On May 13, 2015 12:16 PM, "Akhil Das" <ak...@sigmoidanalytics.com> wrote:

> Did you happened to have a look at this https://github.com/abashev/vfs-s3
>
> Thanks
> Best Regards
>
> On Tue, May 12, 2015 at 11:33 PM, Stephen Carman <scar...@coldlight.com>
> wrote:
>
> > We have a small mesos cluster and these slaves need to have a vfs setup
> on
> > them so that the slaves can pull down the data they need from S3 when
> spark
> > runs.
> >
> > There doesn’t seem to be any obvious way online on how to do this or how
> > easily accomplish this. Does anyone have some best practices or some
> ideas
> > about how to accomplish this?
> >
> > An example stack trace when a job is ran on the mesos cluster…
> >
> > Any idea how to get this going? Like somehow bootstrapping spark on run
> or
> > something?
> >
> > Thanks,
> > Steve
> >
> >
> > java.io.IOException: Unsupported scheme s3n for URI s3n://removed
> >         at com.coldlight.ccc.vfs.NeuronPath.toPath(NeuronPath.java:43)
> >         at
> >
> com.coldlight.neuron.data.ClquetPartitionedData.makeInputStream(ClquetPartitionedData.java:465)
> >         at
> >
> com.coldlight.neuron.data.ClquetPartitionedData.access$200(ClquetPartitionedData.java:42)
> >         at
> >
> com.coldlight.neuron.data.ClquetPartitionedData$Iter.<init>(ClquetPartitionedData.java:330)
> >         at
> >
> com.coldlight.neuron.data.ClquetPartitionedData.compute(ClquetPartitionedData.java:304)
> >         at
> org.apache.spark.rdd.RDD.computeOrReadCheckpoint(RDD.scala:277)

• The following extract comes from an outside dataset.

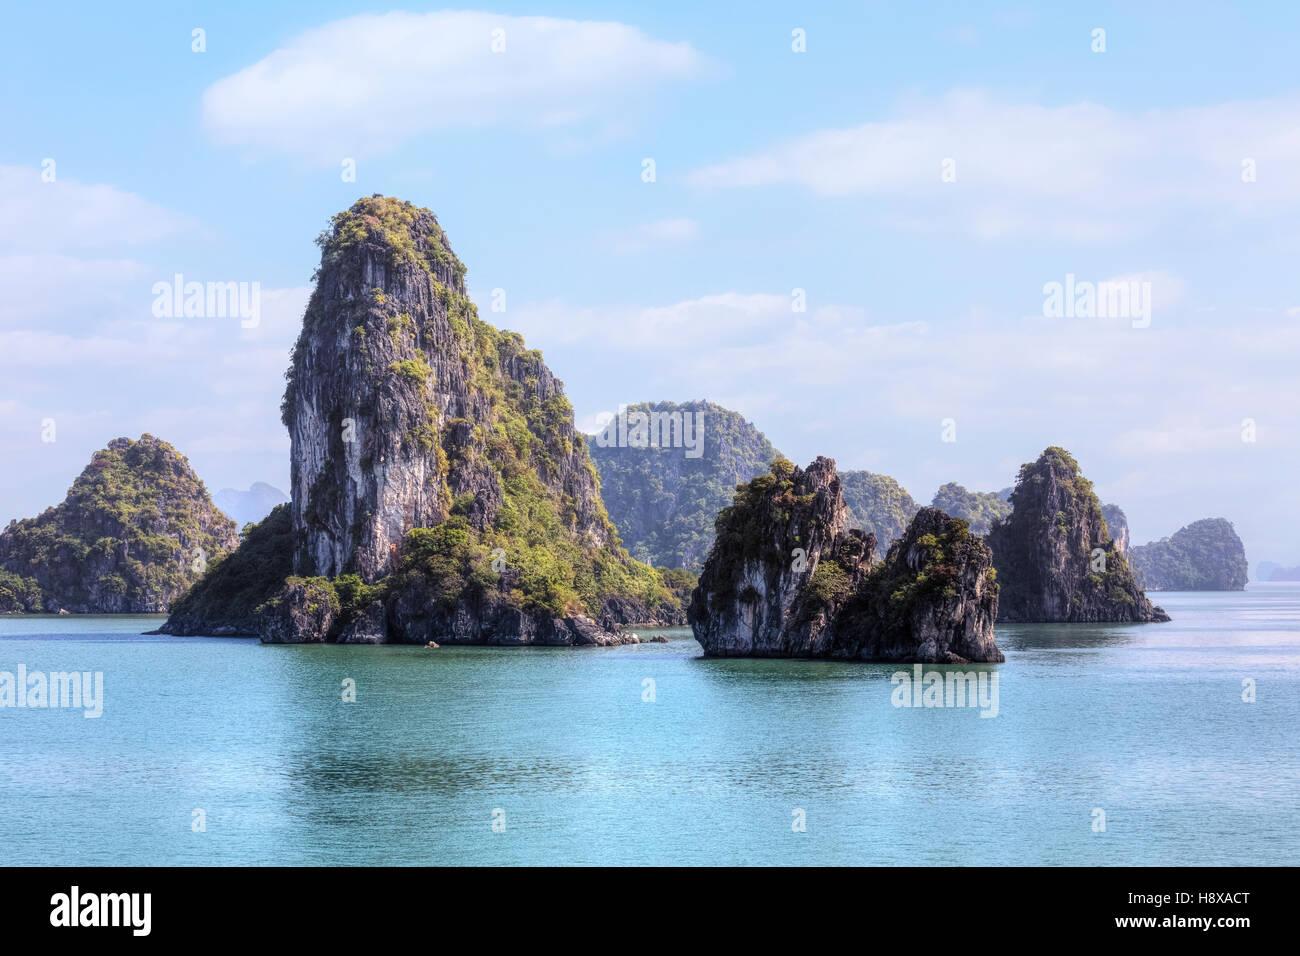 Halong Bay, Vietnam, Indochina, Asia - Stock Image

> >         at org.apache.spark.rdd.RDD.iterator(RDD.scala:244)
> >         at
> > org.apache.spark.scheduler.ResultTask.runTask(ResultTask.scala:61)

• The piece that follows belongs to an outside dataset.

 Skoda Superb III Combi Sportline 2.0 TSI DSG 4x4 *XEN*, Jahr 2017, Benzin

> >         at org.apache.spark.scheduler.Task.run(Task.scala:64)
> >         at
> > org.apache.spark.executor.Executor$TaskRunner.run(Executor.scala:203)
> >         at
> >
> java.util.concurrent.ThreadPoolExecutor.runWorker(ThreadPoolExecutor.java:1142)
> >         at
> >
> java.util.concurrent.ThreadPoolExecutor$Worker.run(ThreadPoolExecutor.java:617)
> >         at java.lang.Thread.run(Thread.java:745)

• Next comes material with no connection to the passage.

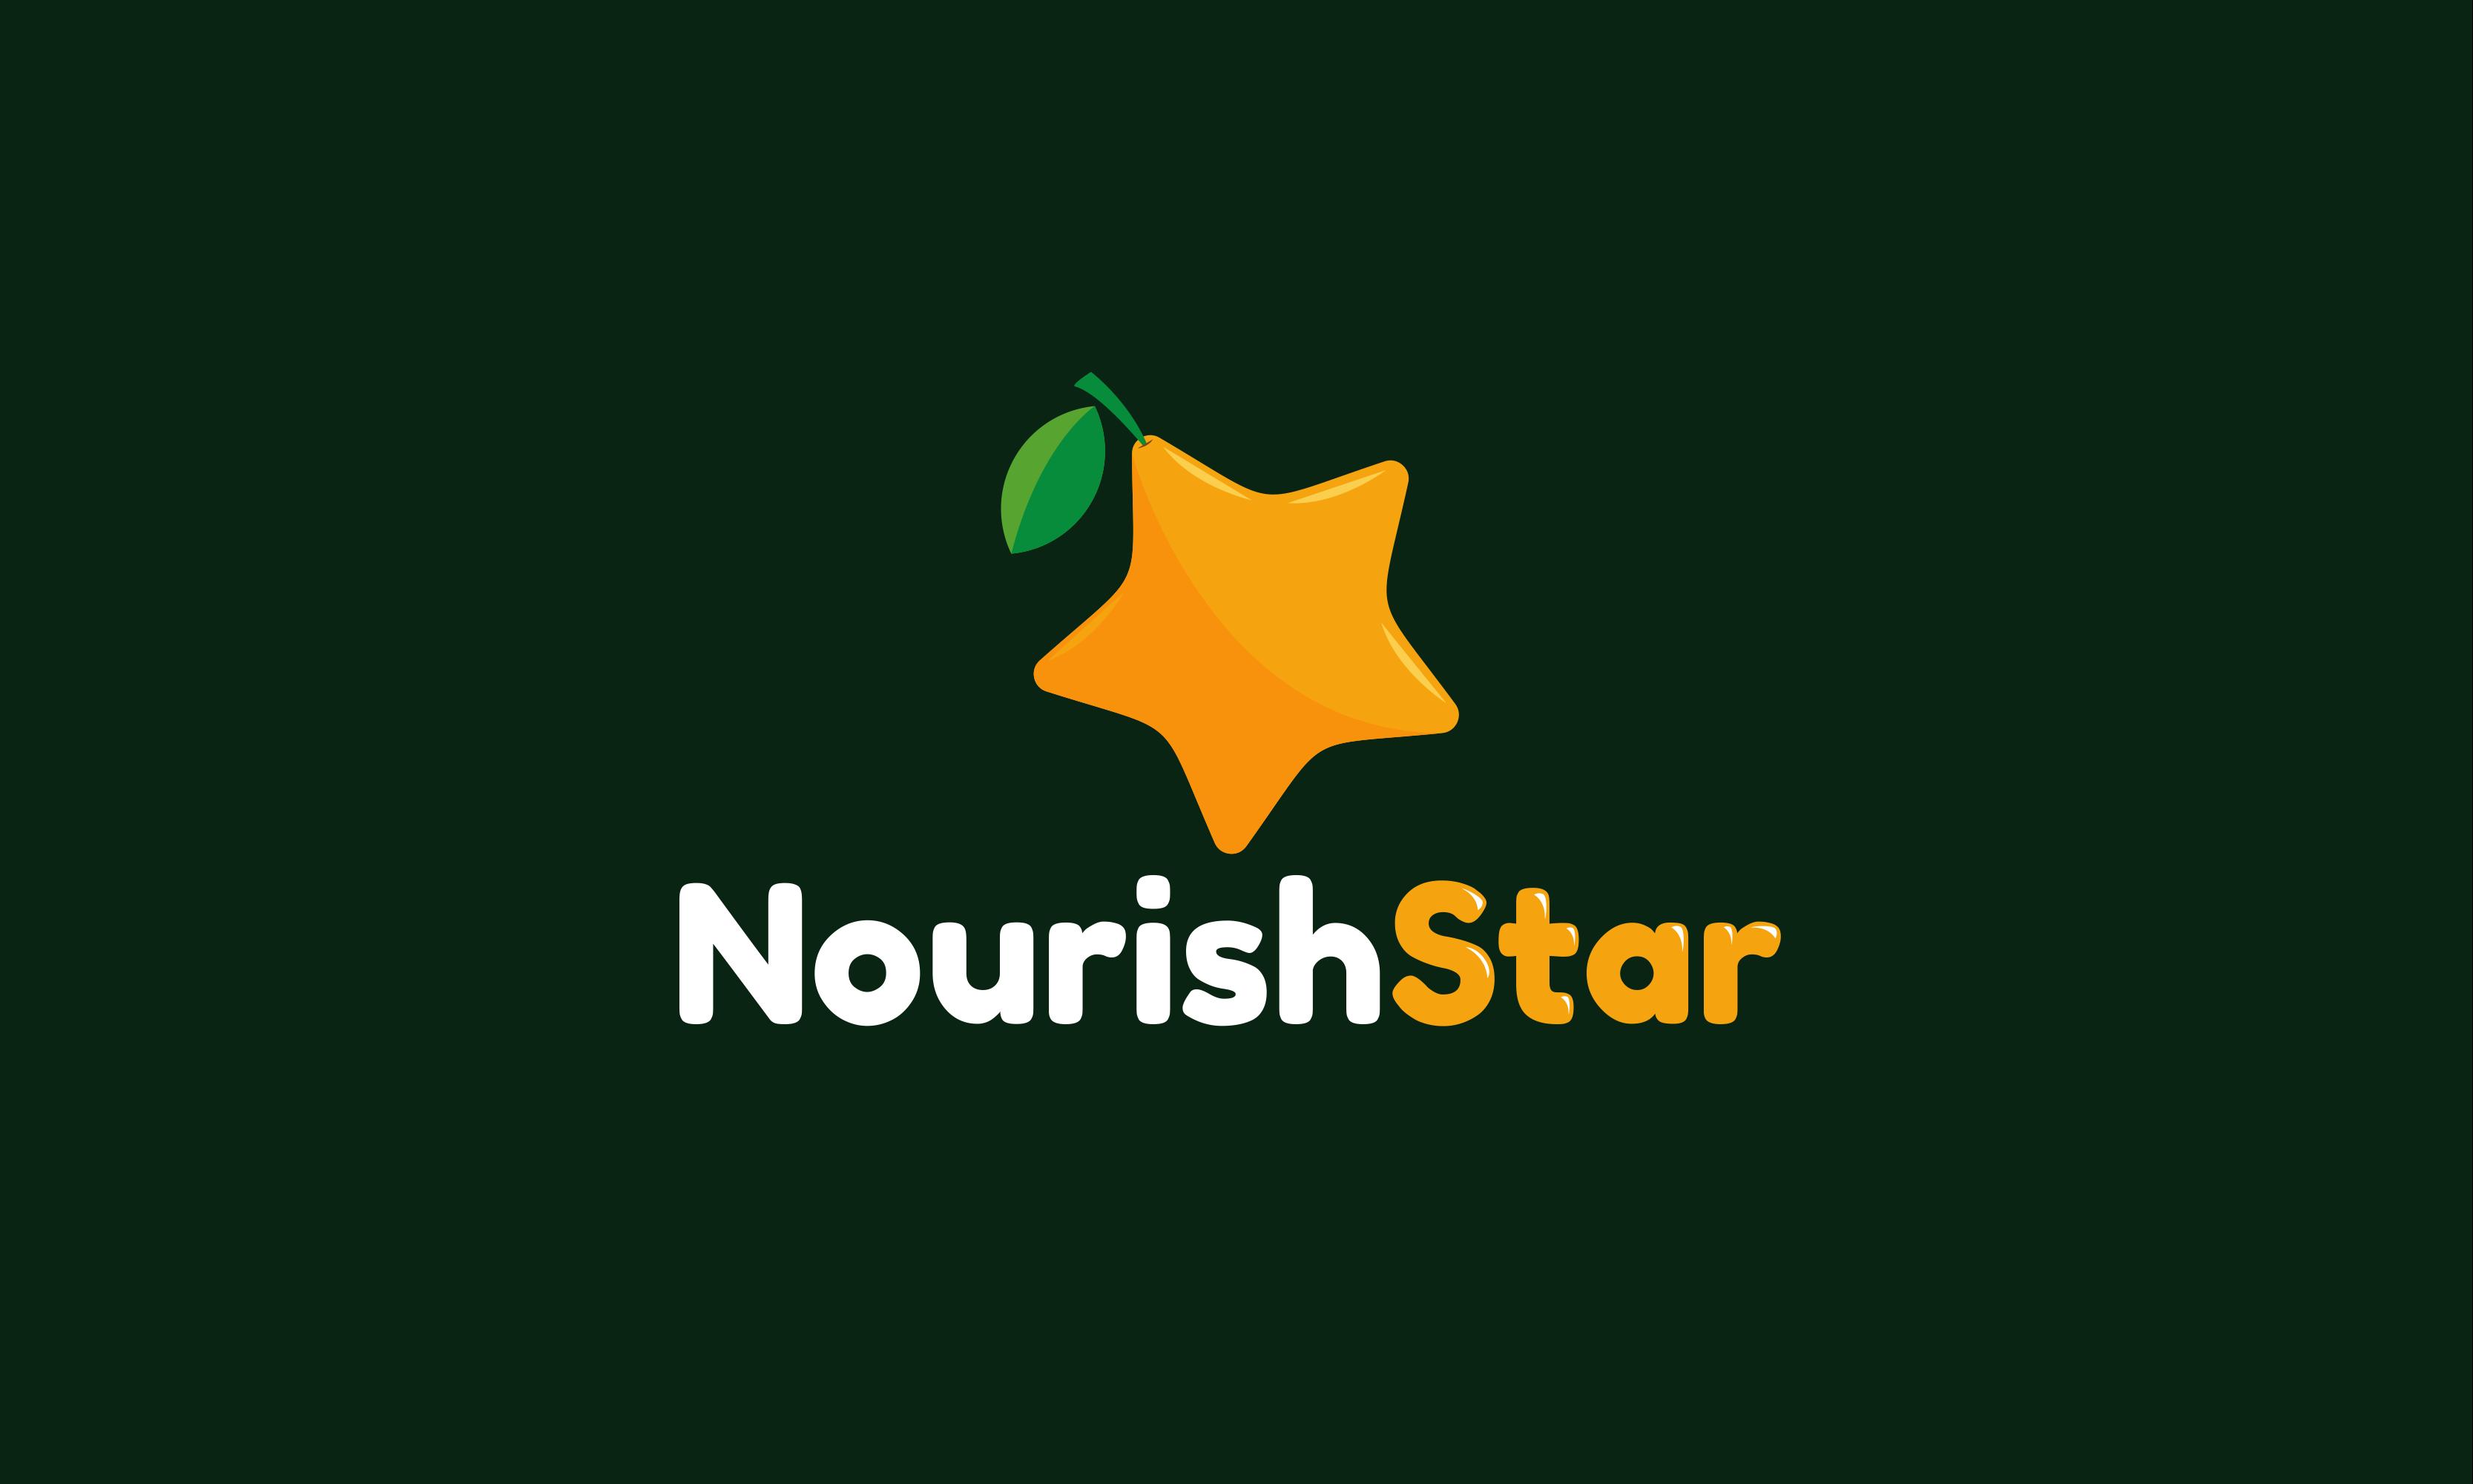 Nourishstar

> > 15/05/12 13:57:51 ERROR Executor: Exception in task 0.1 in stage 0.0 (TID
> > 1)
> > java.lang.RuntimeException: java.io.IOException: Unsupported scheme s3n
> > for URI s3n://removed
> >         at
> >
> com.coldlight.neuron.data.ClquetPartitionedData.compute(ClquetPartitionedData.java:307)
> >         at
> org.apache.spark.rdd.RDD.computeOrReadCheckpoint(RDD.scala:277)
> >         at org.apache.spark.rdd.RDD.iterator(RDD.scala:244)
> >         at
> > org.apache.spark.scheduler.ResultTask.runTask(ResultTask.scala:61)
> >         at org.apache.spark.scheduler.Task.run(Task.scala:64)
> >         at
> > org.apache.spark.executor.Executor$TaskRunner.run(Executor.scala:203)
> >         at
> >
> java.util.concurrent.ThreadPoolExecutor.runWorker(ThreadPoolExecutor.java:1142)
> >         at
> >
> java.util.concurrent.ThreadPoolExecutor$Worker.run(ThreadPoolExecutor.java:617)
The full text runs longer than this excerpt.